Making communities safer

Anne Clarke AM on the policy that has been her top priority during 2023

Anne Clarke - member of the London Assembly representing Barnet and Camden.
Anne Clarke AM – (Credit – GLA)

Community safety has been my top priority at the London Assembly in 2023 – and I am pleased to see the Metropolitan Police doing more across Barnet to keep our area safe.

The excellent ‘Clear, Hold, Build’ programme, being run in Grahame Park, Colindale, is helping our community become safer – and will keep it that way in the long term.

‘Clear, Hold, Build’ is a multi-agency partnership tactic, designed by the Home Office and endorsed by the Policing Inspectorate, to help areas affected by crime.

The tactic has three parts: Clear, which sees police pursue gang members; Hold, where police maintain a grip on the area to prevent other criminal groups from taking control; and Build, which works to help the community become less susceptible to the draw of organised crime groups.

I’ve seen for myself how the Clear, Hold, Build initiative in Grahame Park has been well received by residents, who can now let their children out to play safely again. We need to see more of the Met reducing crime and rebuilding the trust and confidence in policing that is sorely needed.

I am proud of the excellent work between police, who are working with Barnet Council and residents of the estate to identify issues, make arrests and clear it of ‘serial trouble makers’. This has led to 160 arrests in just two months. 

The police have managed to crack down on antisocial behaviour and drug supply over a very short period.

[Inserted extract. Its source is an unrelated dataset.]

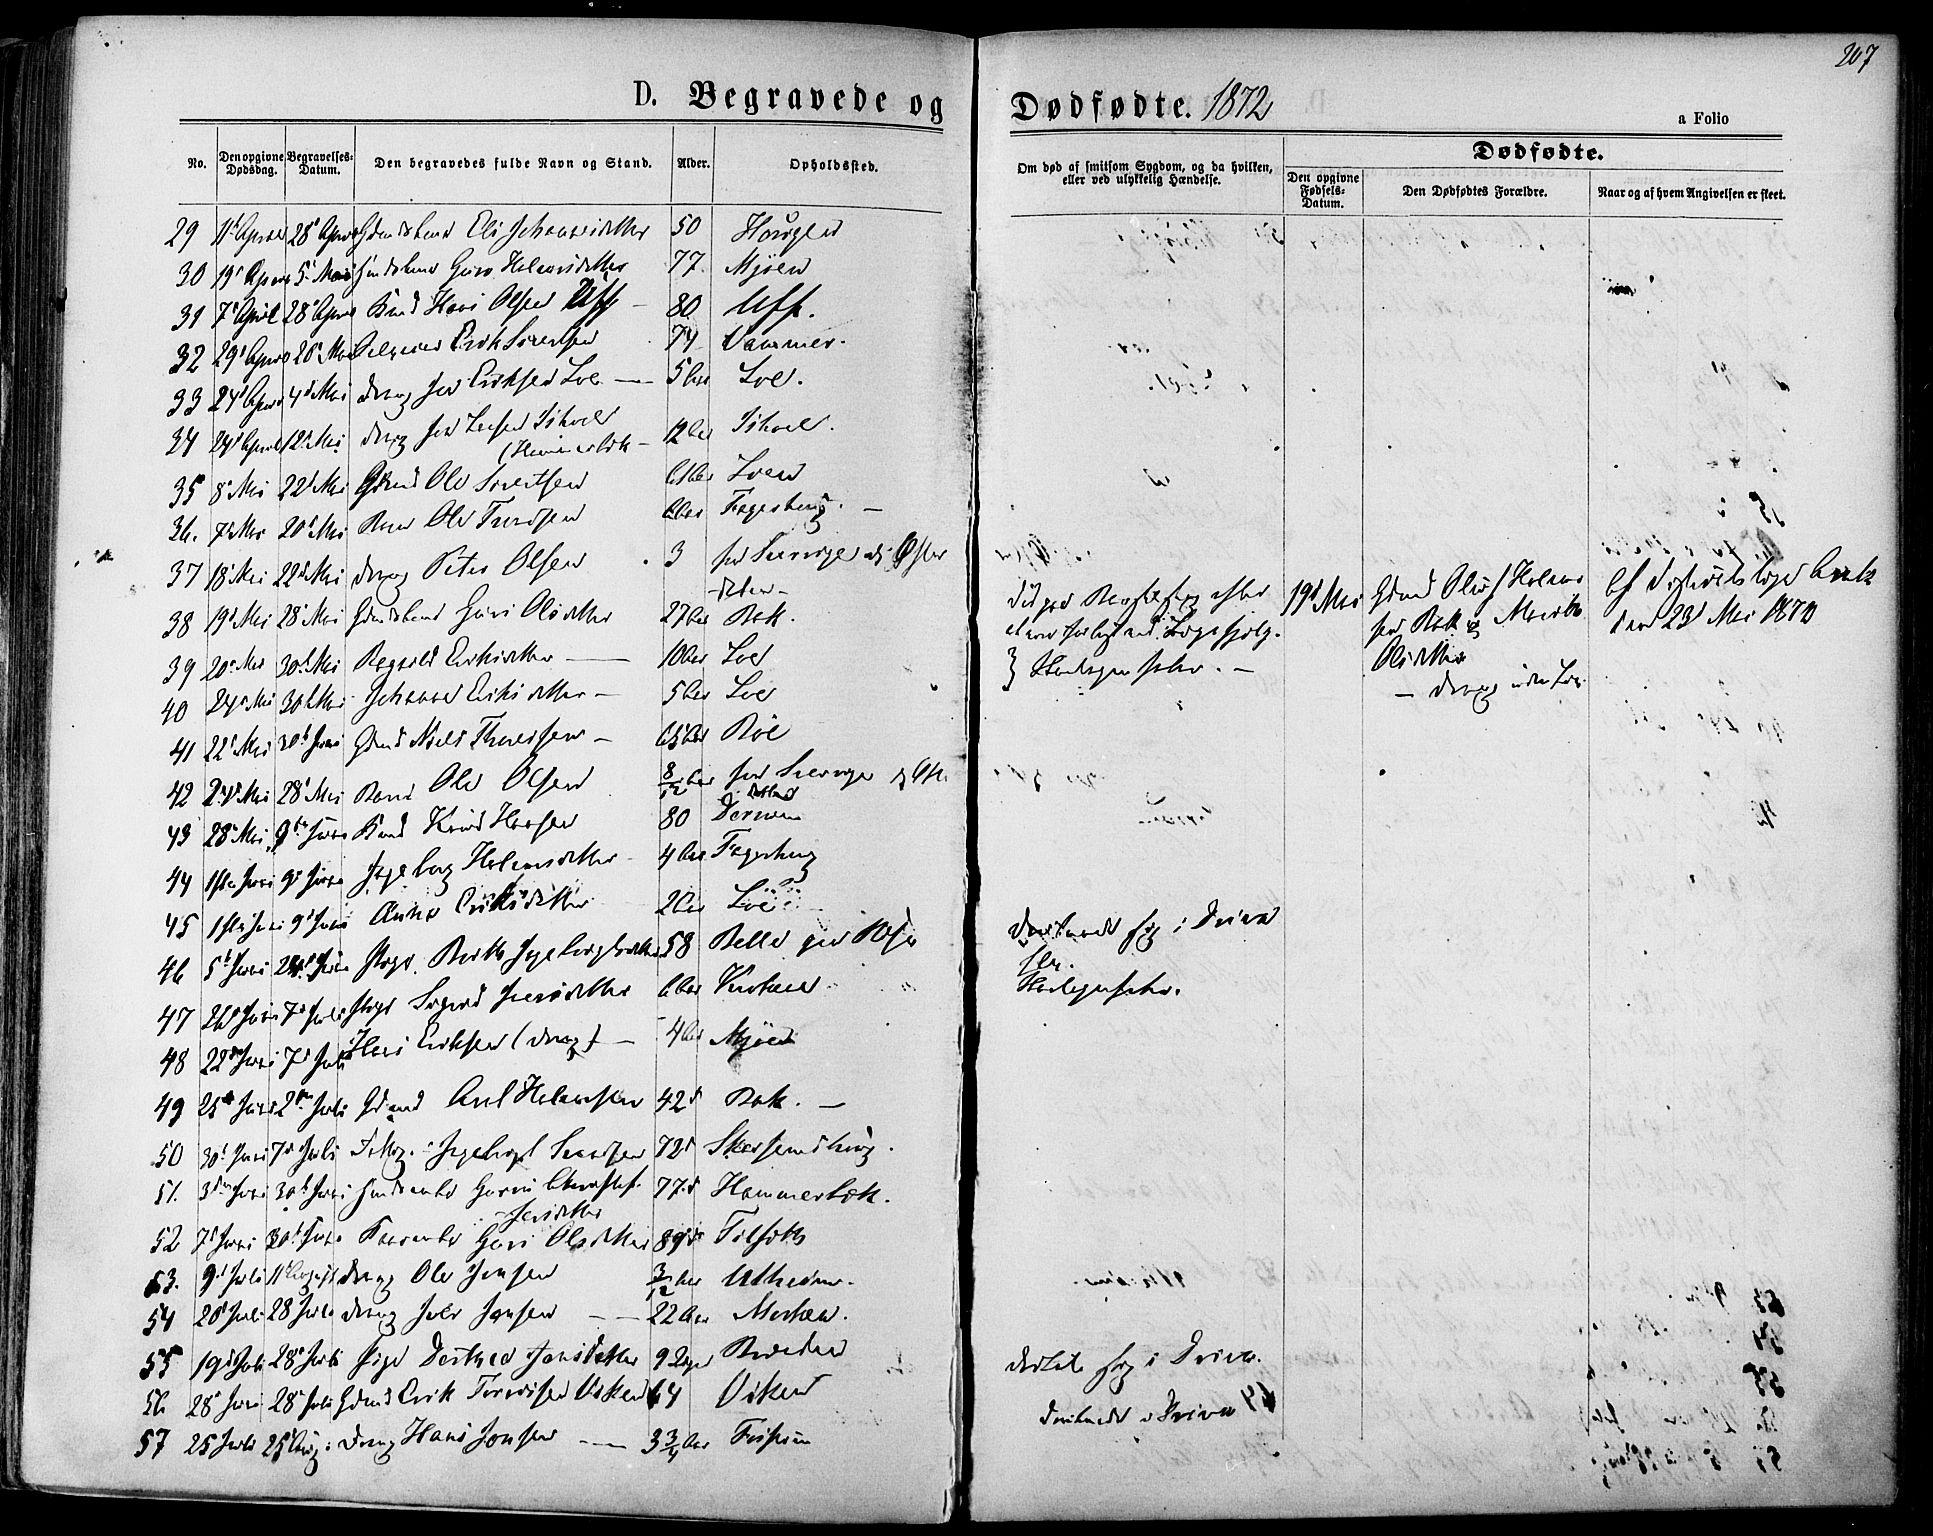 SAT, Ministerialprotokoller, klokkerbøker og fødselsregistre - Sør-Trøndelag, 678/L0900: Ministerialbok nr. 678A09, 1872-1881, s. 207

Among the 160 arrests, police say offences included 34 ‘higher harm offences’ such as murder, rape or GBH, 58 drug supply, 36 of which related to Class A drugs, and 23 weapons offences, including knives and firearms.

The tactic focuses on where the most problems are. The Met’s intelligence-led, precision policing with local government is targeting those who are causing the most problems for the community. This has been managed through an increased use of foot patrols and plain-clothes officers on bikes, and by issuing closure orders on specific flats. 

This bold action follows Sadiq Khan’s pledge to boost neighbourhood policing across the capital and “more bobbies on the beat” through the “A New Met for London” plan. The “on the beat” approach gives offices a specific patch to oversee, giving them closer relationships with the community, has suffered due to over a decade of austerity. Government cuts have consequences and we have seen the damage this can cause in our public services such as the Met.

The Net Met for London plan’s first priority, “Community-crime fighting”, focuses on “working with Londoners to keep them safe.”  The Met will make communities the bedrock of how it polices and tackles neighbourhood crime, anti-social behaviour and serious violence.

In Barnet, this will mean every borough and every ward having its own team of officers and PCSOs. It also means involving Londoners in how their areas are policed – and listening to those who’ve had their trust in policing damaged.

That means that we’ll see more attention given to protecting women and children from violence and going after predatory men who commit those crimes. The police will have to do more for Black, ethnic minority and LGBT+ communities and for disabled Londoners. We’ve seen a recent spike in hate crimes across London – and policing these crimes will only be effective if police and have respectful relationships with the victims.

Developing this new strategy is making a meaningful difference and it will put more police into the teams who work with victims of crime, ensuring they can provide the right care and better support those who’ve suffered.

This is exactly the right approach being taken to restore trust in the police and make our communities safer.

Anne Clarke is the London assembly member for Barnet and Camden, a councillor for Cricklewood ward and Barnet Council’s cabinet member for community wealth building.